¡Qué orgullosos nos sentimos del lugar del
que somos originarios o en el que vivimos! Es una de las ventajas de nuestra
adaptación a un lugar en concreto.
En
una ocasión, el P. Fredy le contaba, orgulloso, a un sacerdote de un país
europeo ―suizo, me parece―, que a Guatemala se le llamaba “el
país de la eterna primavera”. El sacerdote, contaba, tras pensar un poco, le
respondió: “¡Qué aburrido!”
“En
donde dejó el ombligo”, dicen de alguien al hacer referencia a su lugar de
origen. En efecto, le tomamos cariño y suspiramos por él cuando estamos lejos.
Pero, las virtudes o los vicios del lugar
o de la gente de los que procedemos, no son necesariamente los nuestros; no son
logro nuestro ni son nuestros defectos. Es claro que es bueno cultivar un
regionalismo sano, sentirnos parte del lugar en el que estamos y arrimar el
hombro para ver en qué podemos ayudar. Eso es lo que me admira de una hermana
mía, que apoya al equipo de futbol del lugar en el que está ―por decir un
detalle―, aunque no llegue a ser campeón en ningún torneo ―quizá sí, por
milagro―.
Desde luego, estoy orgulloso de mi pueblo,
como del lugar en el que ahora me toca desarrollar mi apostolado.
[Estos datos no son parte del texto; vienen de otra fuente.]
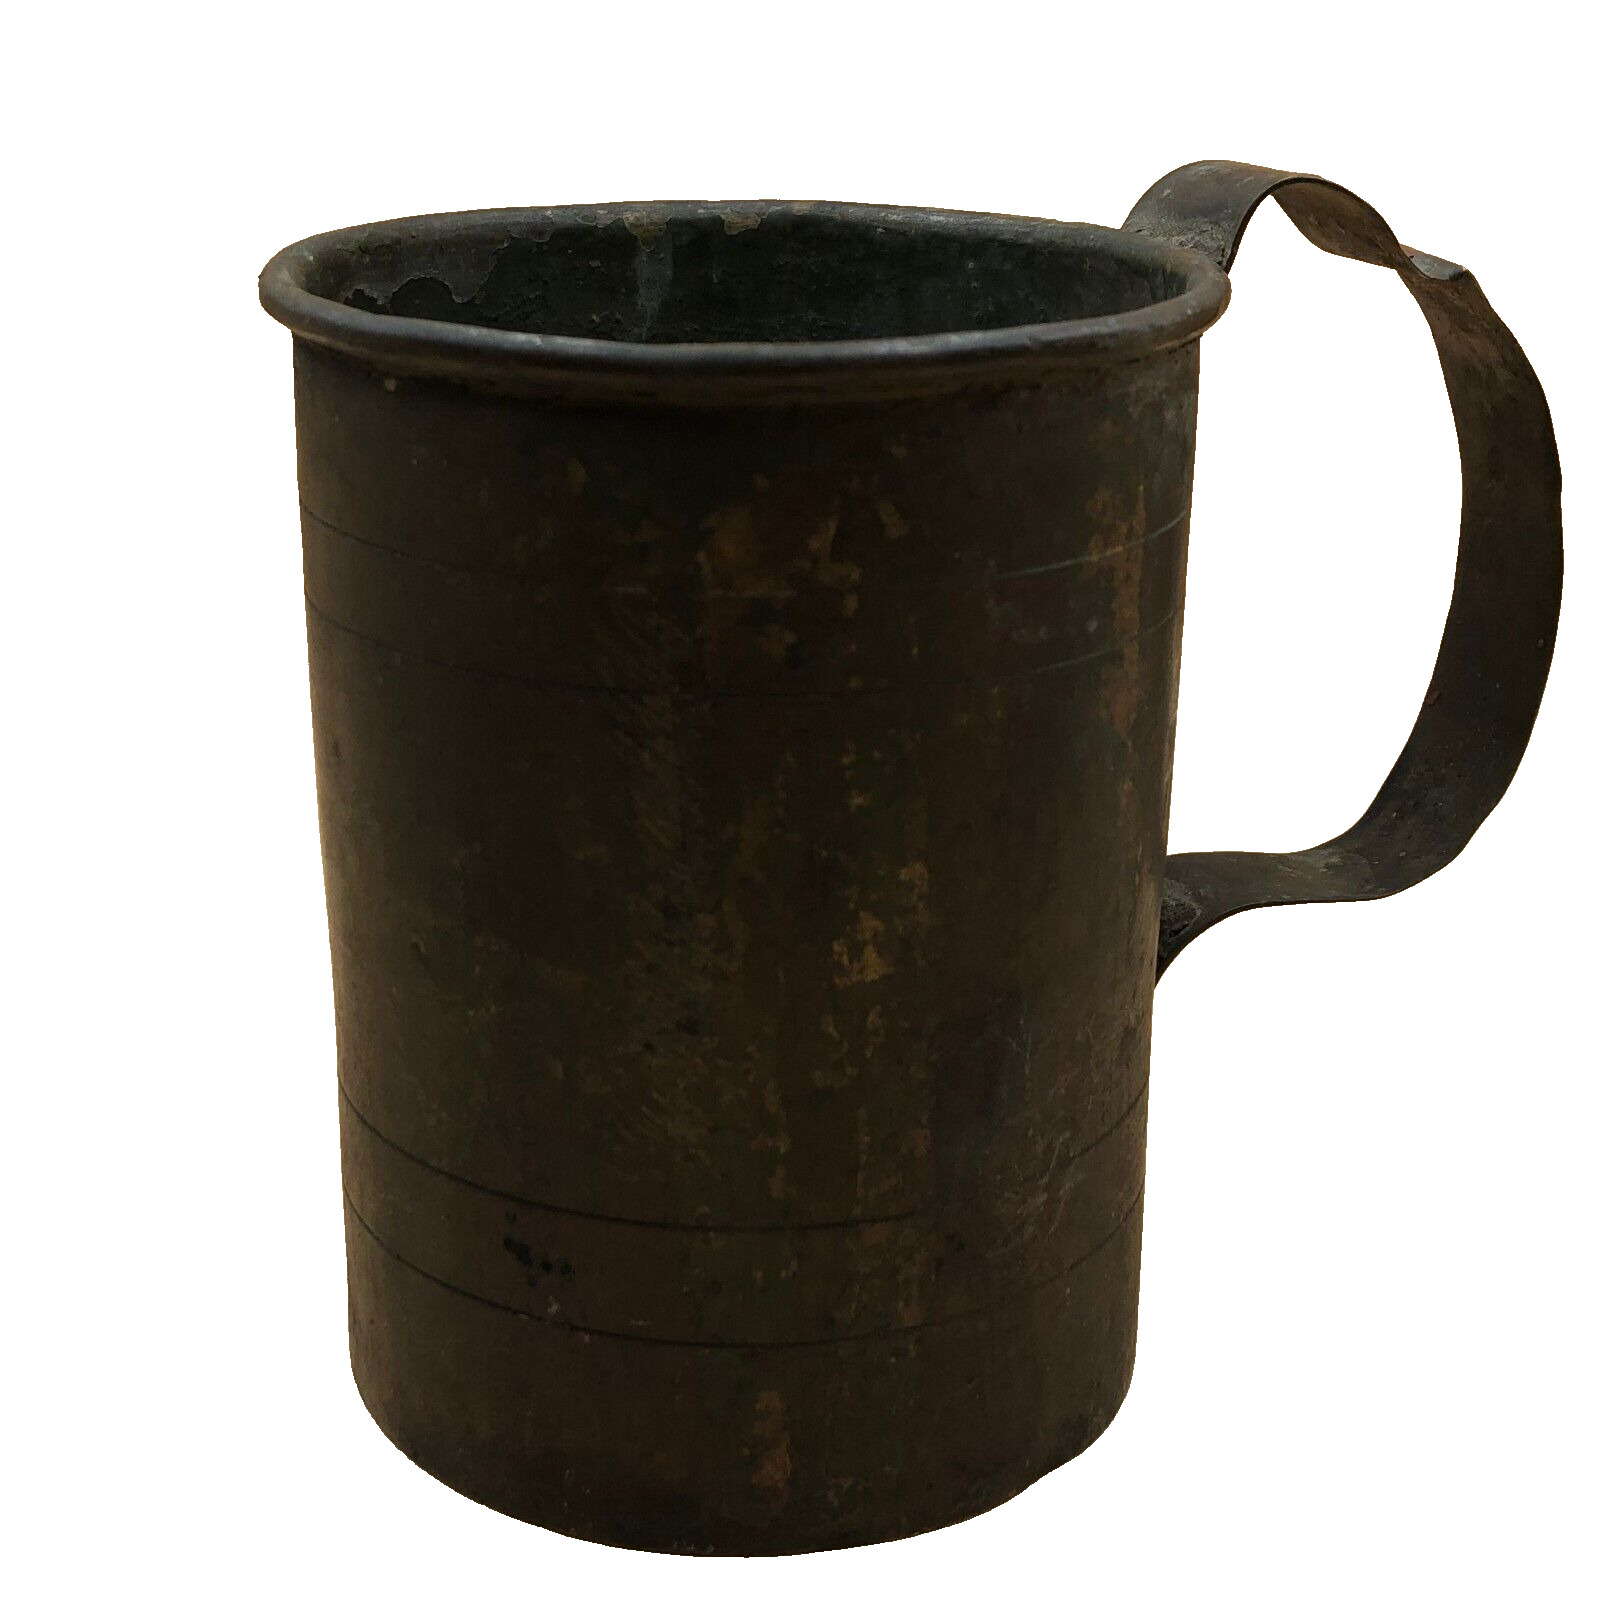 Original WW1 WWI German army Soldier's Cup from the positions of the eastern fro

Quizá soy un poco loco por escribir estas
cosas sólo por una foto. Se me ocurrieron estas cosas por poner esta foto del
lago que tomé el lunes pasado desde un sitio cercano al Seminario. Es, casi, mi cuadro
permanente, desde la ventana.
Gracias, Señor, por estos deleites buenos
para la vista y nuestra gente. Ojalá cuidemos este nuestro medio ambiente.